Market Shifts on Online Music

A couple of months back, I wrote about my experiment with AllofMP3.com, the slightly-dodgy-but-basically-legal Russian digital musical vendor. In particular, I was interested in how their pricing (roughly one-tenth of iTunes et al) might influence the North American market. We may now be seeing the first effects of globalization on digital music pricing.

Slashdot reports that Emusic.com has relaunched today, offering 40 songs for $9.99/month or 90 downloads for $19.99/month. The latter deal works out to $0.22 per track. That’s roughly a quarter of what you’d pay on iTunes.
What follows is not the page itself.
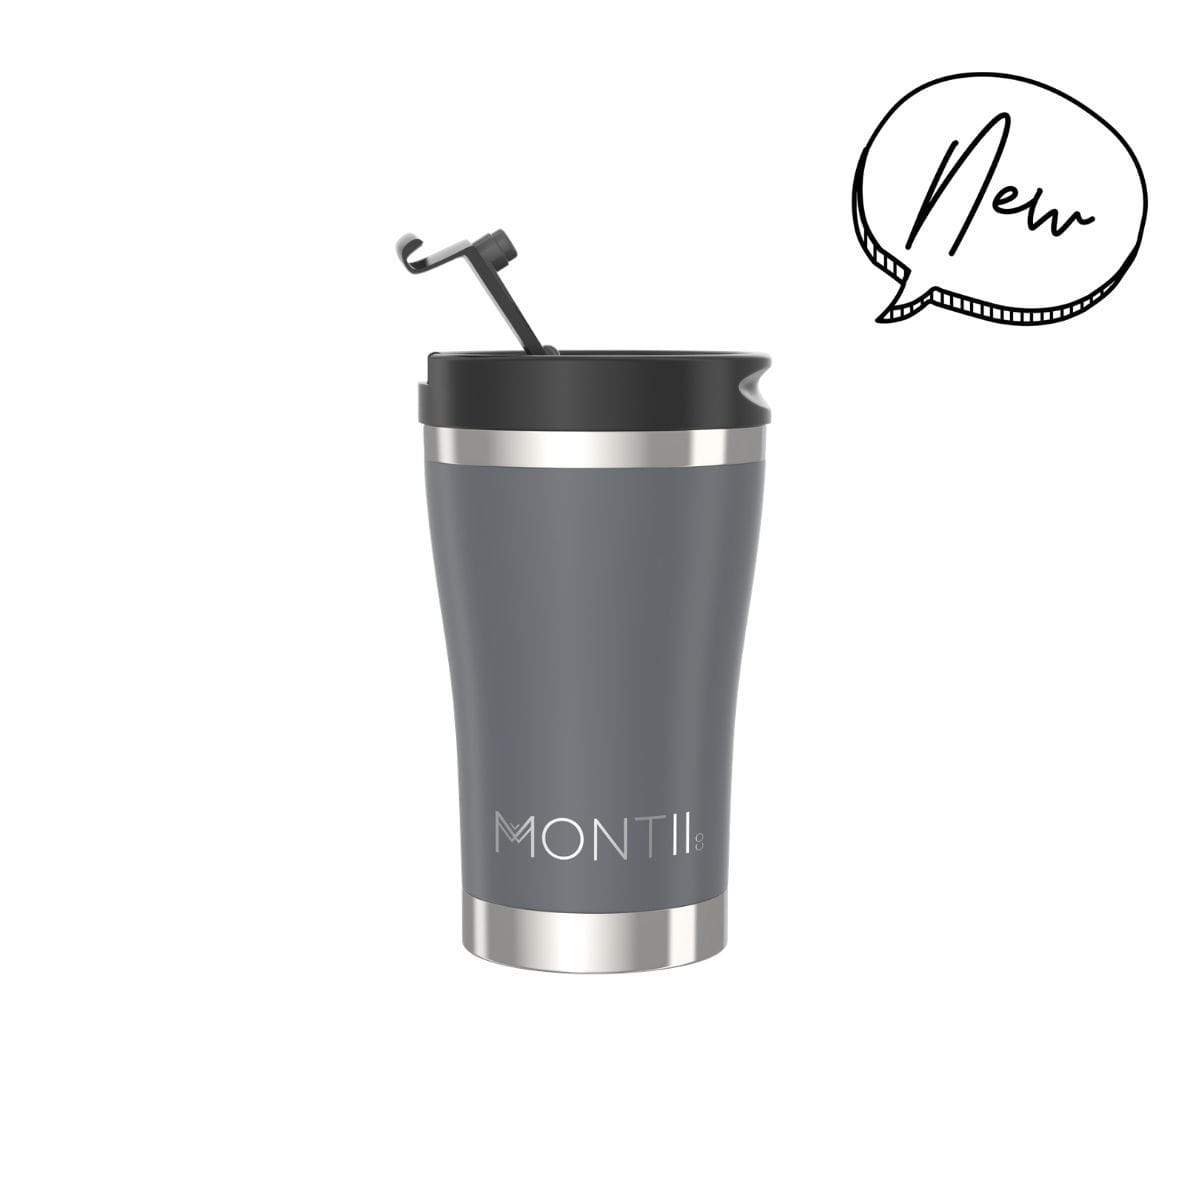 MONTIICO REGULAR COFFEE CUP - GREY

Because you pay per megabyte, AllofMP3’s prices vary, but I’ve probably been paying $0.10 to $0.15 a track. Here’s the eMusic catalog, which consists of about 500,000 songs but looks kind of spotty. AllofMP3 only offers 250,000, but I’ve rarely been disappointed (my musical tastes are, admittedly, pretty mainstream) and they seem to be adding 15 or 20 albums a day. The iTunes store claims over 1,000,000 songs.
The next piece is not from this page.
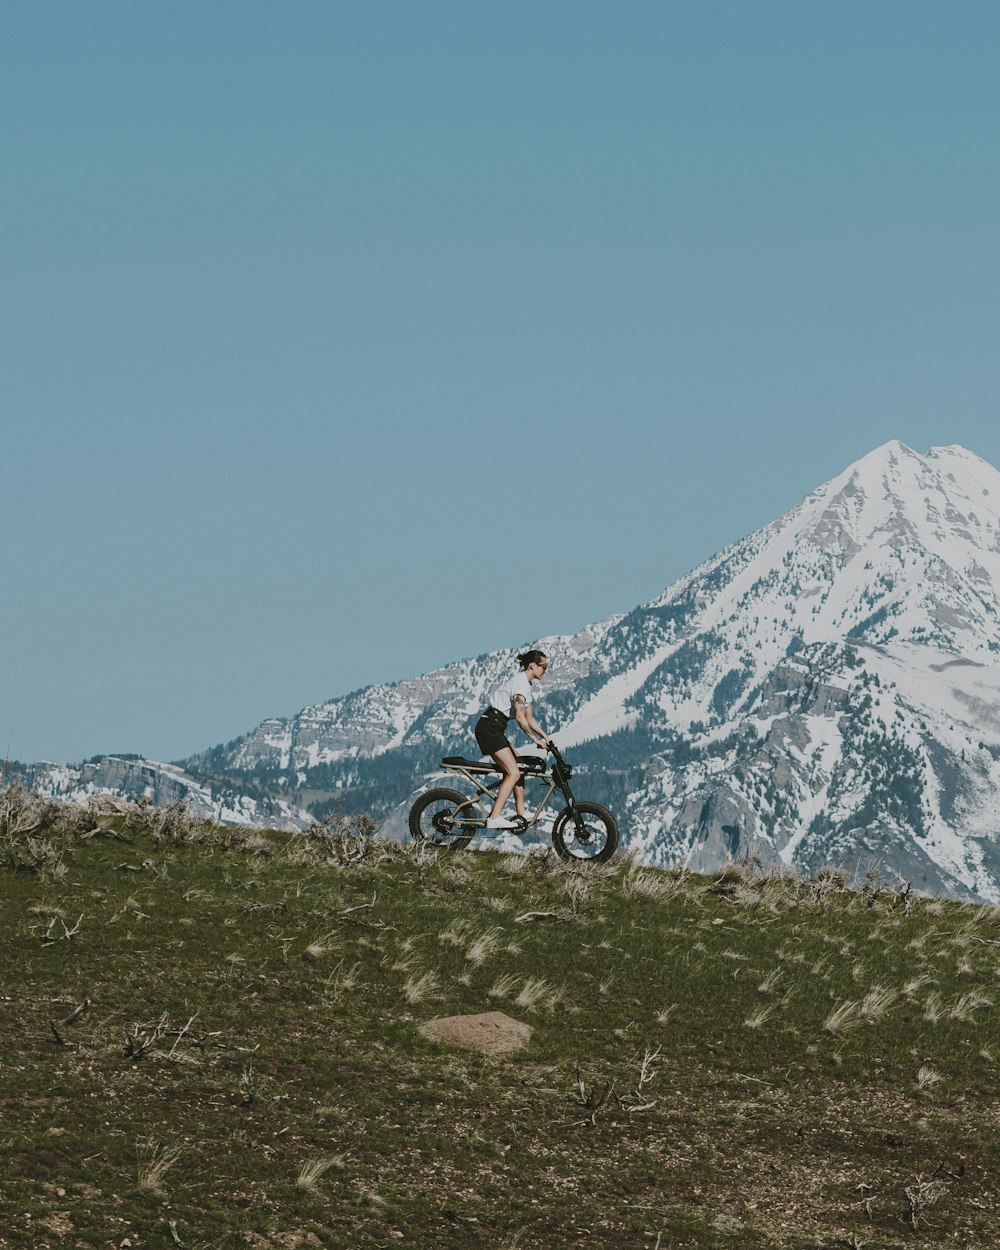 a man riding a dirt bike on top of a grass covered hill

Regardless, the eMusic store is definitely going to steal some business from the major players. Price is one of the few differentiators in an industry where everyone and their bull terrier are throwing their hat in the ring. Another one, at least for discerning geeks, is DRM. AllofMP3 and eMusic’s files are DRM-free, which won’t hurt sales either.
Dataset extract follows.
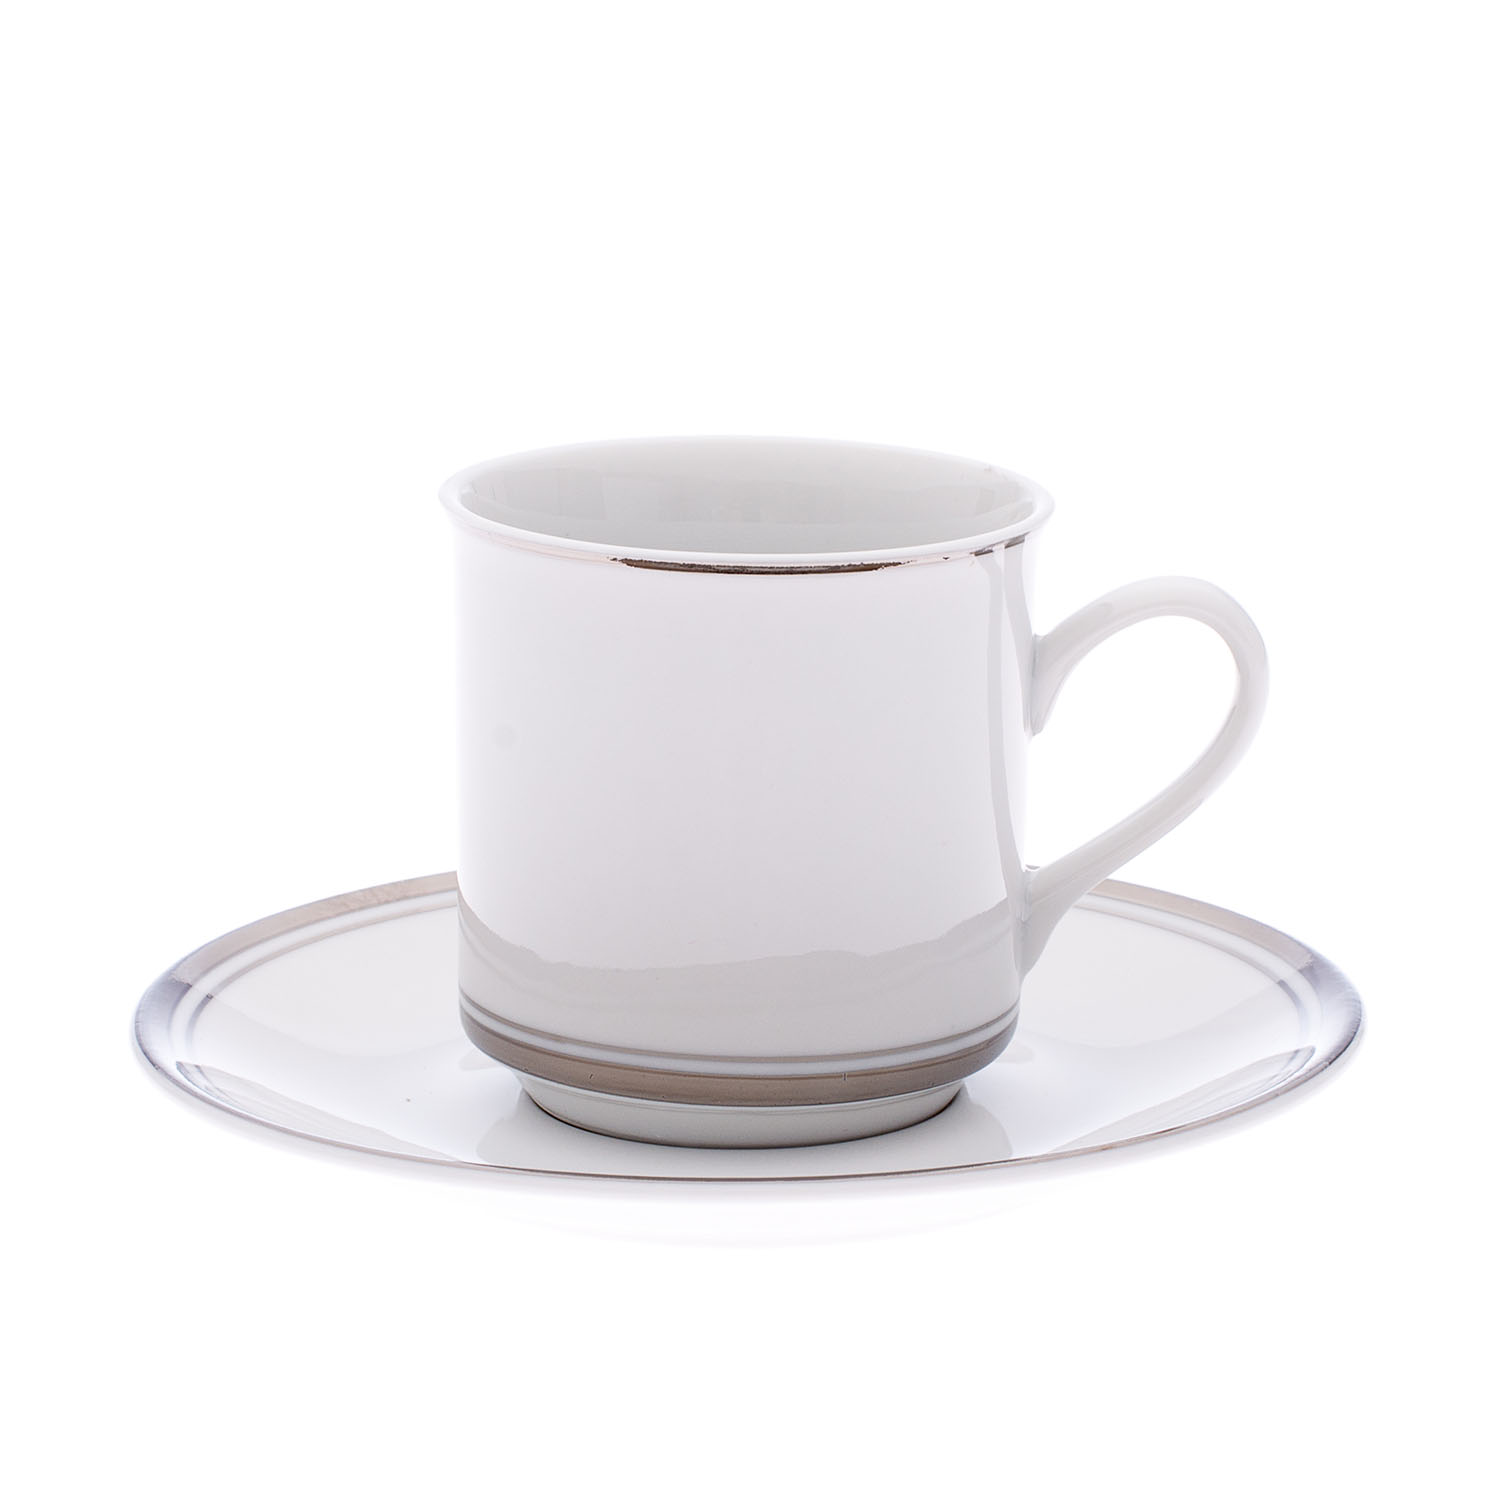 Kávový šálek, 0,15 l, karlovarský porcelán Leander, Sabina, platina

On a vaguely-related note, here’s an interesting article about the possible convergence of online music and instant messaging. Sounds pretty dubious if you ask me.

2 comments

  1. I attempted to give my money to emusic once before, when the deal was $10US for all you could download. They cancelled my account after four days because I was downloading too much. I’ll not bother trying it again.

    As a Canadian I’ll let the fact that I pay a tax on every blank CD and DVD I buy ease my sense of guilt as I download any music I want to check out for free.

  2. About AllOfMP3- I too have signed up and use the site, I think it’s a great deal but I definitely cannot believe that it’s actually legal. The large collection of Tiger Lillies on the site was the capper for me- they are affiliated with no distributor and only sell their music in-person at their shows. Like Moxy Fruvous used to be in the US.